Friday, October 22, 2010

Master of the Moor

My dear readers: Should you find yourself in want of a dark, brooding novel set among the dark, brooding moorlands of Yorkshire, look no further than Master of the Moor (1982), by Ruth Rendell.

Outwardly bluff and cheerful, the protagonist of this tale, Stephen Whalby, likes nothing better than roaming for hours among the hills, heather and tors of Vangmoor. But on one such solitary ramble, Stephen chances upon the body of a young woman, strangled, and with what must have been silken blonde hair cropped off roughly at her scalp.

The finding upsets Stephen, though it's difficult to detect that from the casual excitement with which he shares the finding with Lyn, his wife:
'You weren't long.'
  'I hadn't got far. Oh, Lord, darling, there's something pretty ghastly up there. A girl and she's dead. I found her lying among the Foinmen.'
  It occurred to Lyn -- fleetingly, to be gone in a moment -- that most men would have broken such a thing more gently to their wives. 
Even so, the event sets Stephen back on his heels, because the moor is more to him than just a place for respite and solitude. No one knows its paths, its stones, its forgotten mines and secret passages better than he does. He's come to feel a sense of ownership. He's even lately begun authoring a column in the local paper in which he styles himself as "The Voice of Vangmoor."

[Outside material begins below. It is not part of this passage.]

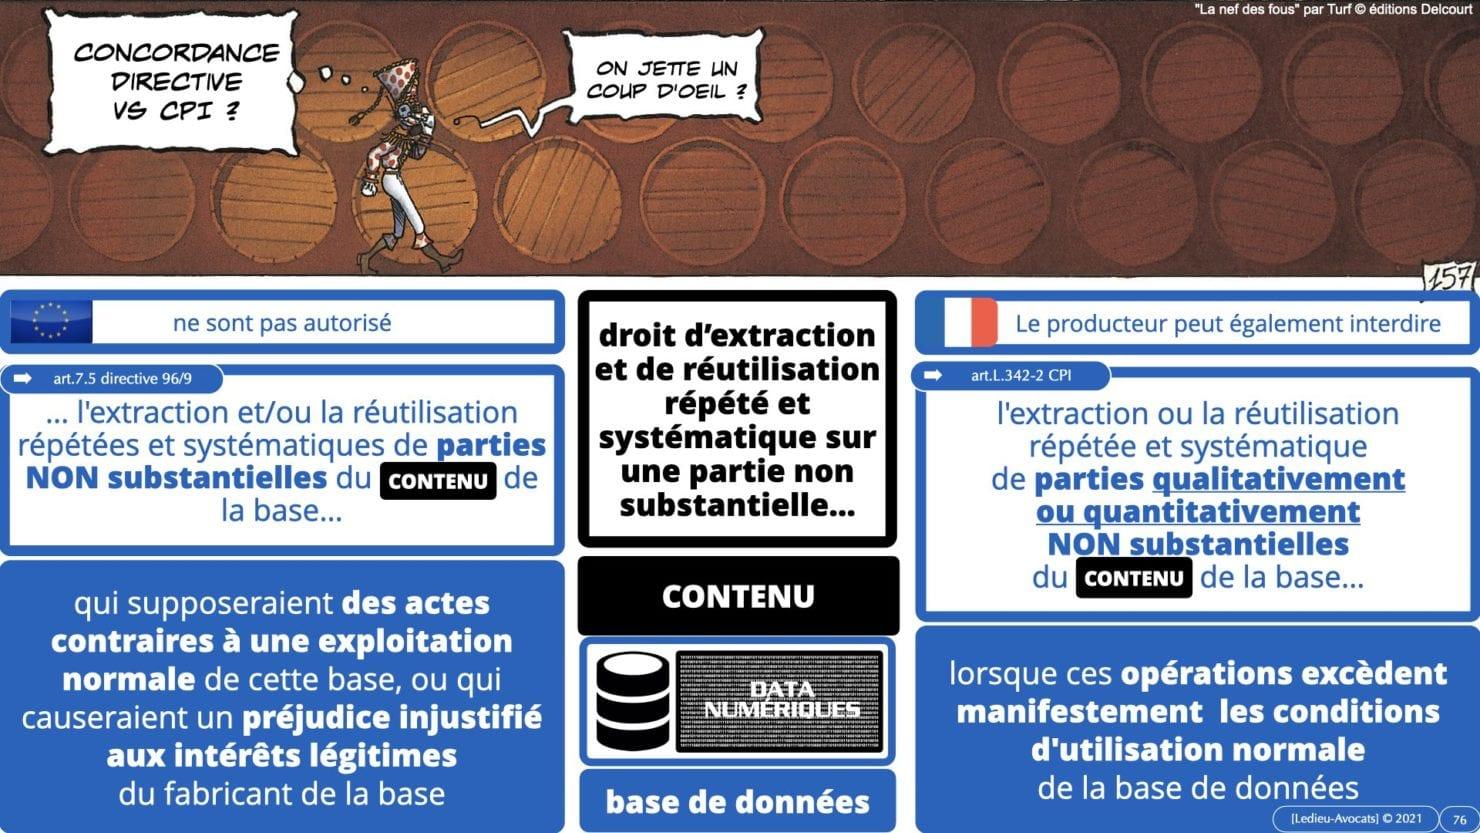 334 extraction indexation BASE DE DONNEES © Ledieu-avocat 24-05-2021.076

Soon, when another blonde woman goes missing and Stephen insinuates himself into the search, he begins to think of himself as 'Master of the Moor.' Stephen's desire to control all that occurs on the moor becomes a compulsion.

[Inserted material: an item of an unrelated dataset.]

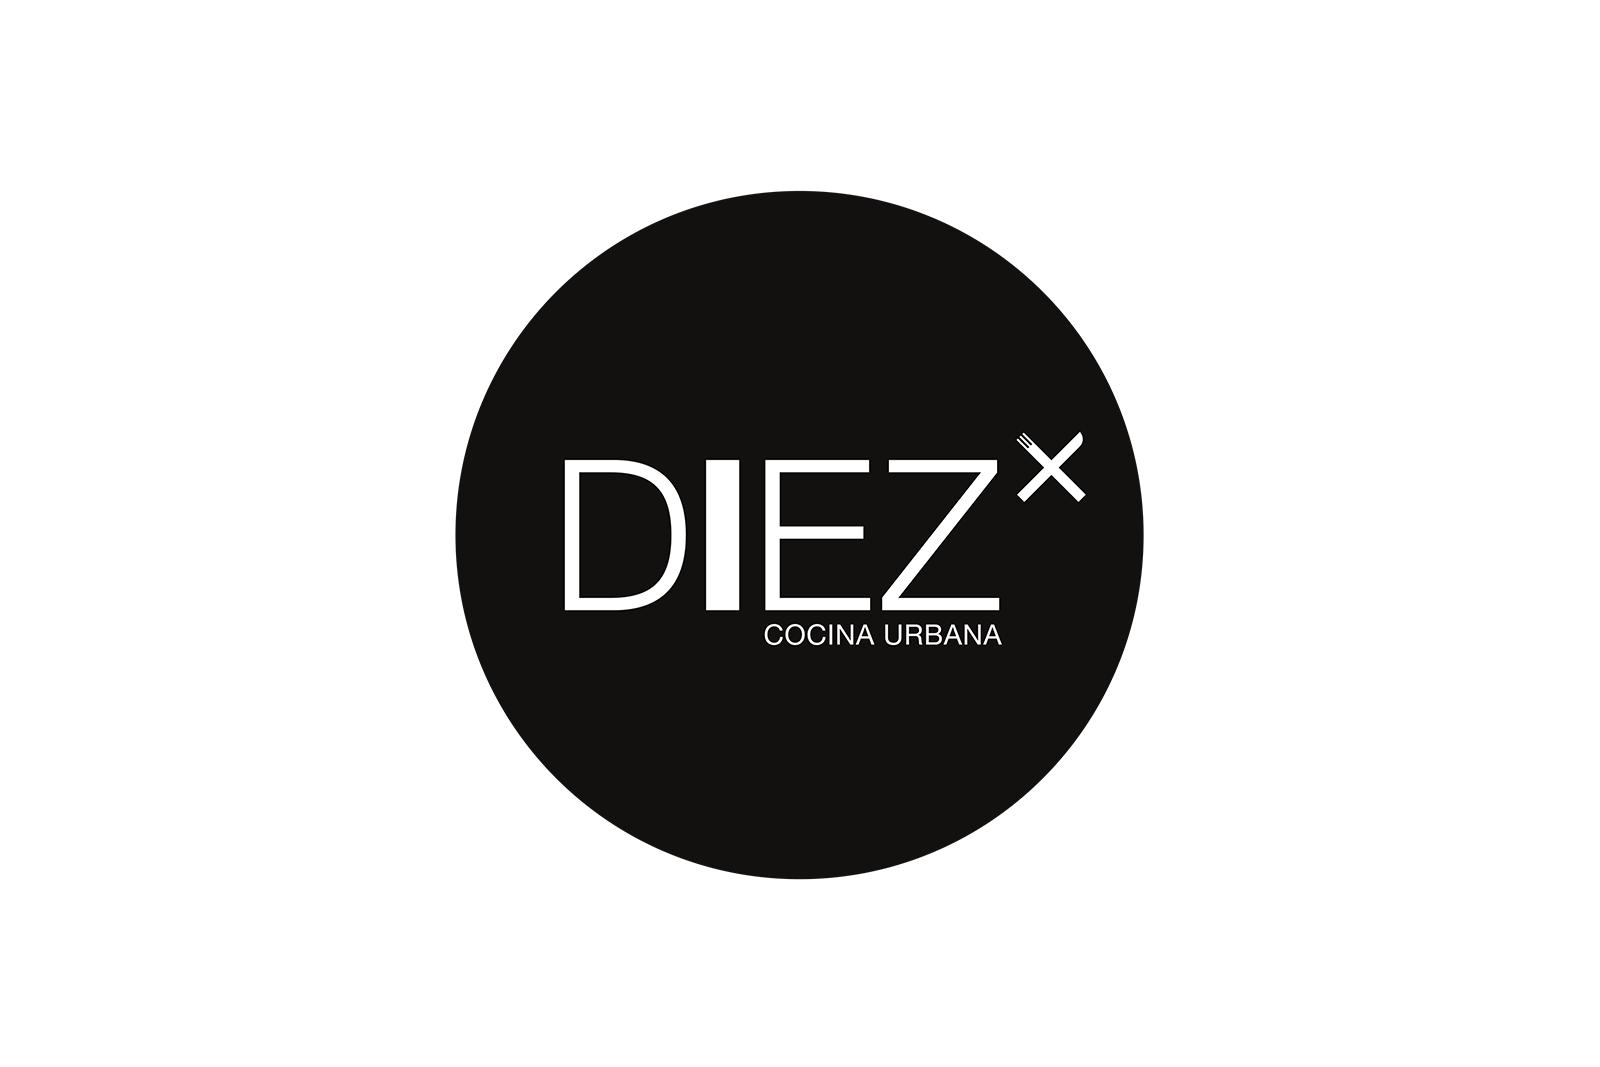 logo_Diez-1

The effect of Stephen's obsession with the moor on the narrative complications is brilliant. Stephen's actions -- discovering the first body and then leading the search for the next -- place him in the unenviable position of prime suspect in the eyes of the local police.

Even Miss Lemon began to wonder about Stephen as his breezy outward behaviour soon shifted to reveal a darker interior. With all his 'Good Lords' and 'Good griefs,' one doesn't know whether his exasperation is simply good-humoured bemusement or something more sinister.

Of the final scene, Miss Lemon will say but this: it leaves one gasping for breath.

In all, Master of the Moor, with its moody setting and psychological suspense, is just the sort of novel to read as October drifts darkly into November. 


  1. Oh, I've got to read this one, simply to find out what that means.

    I read quite a bit of Ruth Rendell at one point in my reading life, and I think perhaps I've been too long away.

  2. Miss Lemon is very fond of Ruth Rendell, too. And if you like her, you're bound to like Margaret Yorke. Have you read any of her whydunits? They're quite addictive!

  3. I haven't gotten to her yet, but I have Mortal Remains right here on my shelf.

  4. I remember liking this one. Just finished reading her newest, Portobello. I liked it -- perhaps not as much as some others but nobody does quirk like the Baroness.

  5. You said it, Olive. With style, as usual : )

  6. The 1994 BBC television movie of Master of the Moor, with Colin Firth as Stephen, is pretty hair-raising and heart-wrenching.